BEGIN Data shown

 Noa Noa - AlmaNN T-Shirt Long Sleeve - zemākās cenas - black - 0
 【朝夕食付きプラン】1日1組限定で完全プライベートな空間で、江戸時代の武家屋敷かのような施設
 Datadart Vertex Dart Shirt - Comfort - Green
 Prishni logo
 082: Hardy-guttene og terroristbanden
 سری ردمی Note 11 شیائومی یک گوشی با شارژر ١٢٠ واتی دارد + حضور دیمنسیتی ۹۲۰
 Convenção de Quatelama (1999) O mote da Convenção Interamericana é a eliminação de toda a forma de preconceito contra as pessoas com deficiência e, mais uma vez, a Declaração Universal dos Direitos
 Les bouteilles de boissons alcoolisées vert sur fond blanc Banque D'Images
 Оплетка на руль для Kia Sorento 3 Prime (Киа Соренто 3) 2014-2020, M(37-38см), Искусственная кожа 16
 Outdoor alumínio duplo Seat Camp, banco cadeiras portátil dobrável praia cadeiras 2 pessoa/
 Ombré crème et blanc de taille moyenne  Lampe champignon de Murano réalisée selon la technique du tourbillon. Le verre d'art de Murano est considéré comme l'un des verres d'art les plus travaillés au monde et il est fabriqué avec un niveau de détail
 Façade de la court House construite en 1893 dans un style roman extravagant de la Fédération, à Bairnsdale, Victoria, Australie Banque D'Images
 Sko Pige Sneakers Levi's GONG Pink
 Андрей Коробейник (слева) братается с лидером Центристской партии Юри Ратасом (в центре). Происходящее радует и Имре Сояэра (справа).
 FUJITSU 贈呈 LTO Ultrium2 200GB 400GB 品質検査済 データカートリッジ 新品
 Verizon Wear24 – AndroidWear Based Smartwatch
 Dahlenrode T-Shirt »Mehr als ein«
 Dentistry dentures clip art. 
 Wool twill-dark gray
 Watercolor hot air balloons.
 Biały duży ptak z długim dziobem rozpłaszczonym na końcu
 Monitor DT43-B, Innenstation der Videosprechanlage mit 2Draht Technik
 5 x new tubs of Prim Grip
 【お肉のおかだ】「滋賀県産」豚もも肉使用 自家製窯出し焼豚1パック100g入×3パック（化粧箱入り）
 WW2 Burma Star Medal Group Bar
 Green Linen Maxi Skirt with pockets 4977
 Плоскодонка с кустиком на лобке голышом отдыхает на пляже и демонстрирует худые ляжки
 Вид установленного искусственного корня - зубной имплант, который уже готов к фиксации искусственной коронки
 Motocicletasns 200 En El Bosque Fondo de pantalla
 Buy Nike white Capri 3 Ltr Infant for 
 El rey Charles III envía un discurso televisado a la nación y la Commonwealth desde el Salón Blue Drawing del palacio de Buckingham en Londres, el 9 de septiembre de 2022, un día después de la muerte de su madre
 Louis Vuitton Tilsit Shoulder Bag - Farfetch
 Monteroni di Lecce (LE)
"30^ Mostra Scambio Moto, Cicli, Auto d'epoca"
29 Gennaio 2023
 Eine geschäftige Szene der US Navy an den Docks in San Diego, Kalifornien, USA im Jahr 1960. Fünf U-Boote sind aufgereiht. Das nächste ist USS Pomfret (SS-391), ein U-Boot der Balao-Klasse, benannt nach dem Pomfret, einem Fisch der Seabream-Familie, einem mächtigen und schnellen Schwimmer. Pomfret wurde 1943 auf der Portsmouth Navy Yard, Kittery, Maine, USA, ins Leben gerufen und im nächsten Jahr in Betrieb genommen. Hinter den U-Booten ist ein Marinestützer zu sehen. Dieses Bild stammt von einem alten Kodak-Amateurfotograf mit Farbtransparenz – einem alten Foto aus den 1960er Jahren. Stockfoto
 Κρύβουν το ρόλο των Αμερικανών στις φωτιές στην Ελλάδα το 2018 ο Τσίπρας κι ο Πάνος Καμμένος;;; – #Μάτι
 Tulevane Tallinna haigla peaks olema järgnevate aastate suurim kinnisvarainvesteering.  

END Data shown

Retype the records above, but only those lines that fall between the line containing "Buy Nike white Capri 3 Ltr Infant for" and the line containing "29 Gennaio 2023", with both of those lines included, exactly as written.

 Buy Nike white Capri 3 Ltr Infant for 
 El rey Charles III envía un discurso televisado a la nación y la Commonwealth desde el Salón Blue Drawing del palacio de Buckingham en Londres, el 9 de septiembre de 2022, un día después de la muerte de su madre
 Louis Vuitton Tilsit Shoulder Bag - Farfetch
 Monteroni di Lecce (LE)
"30^ Mostra Scambio Moto, Cicli, Auto d'epoca"
29 Gennaio 2023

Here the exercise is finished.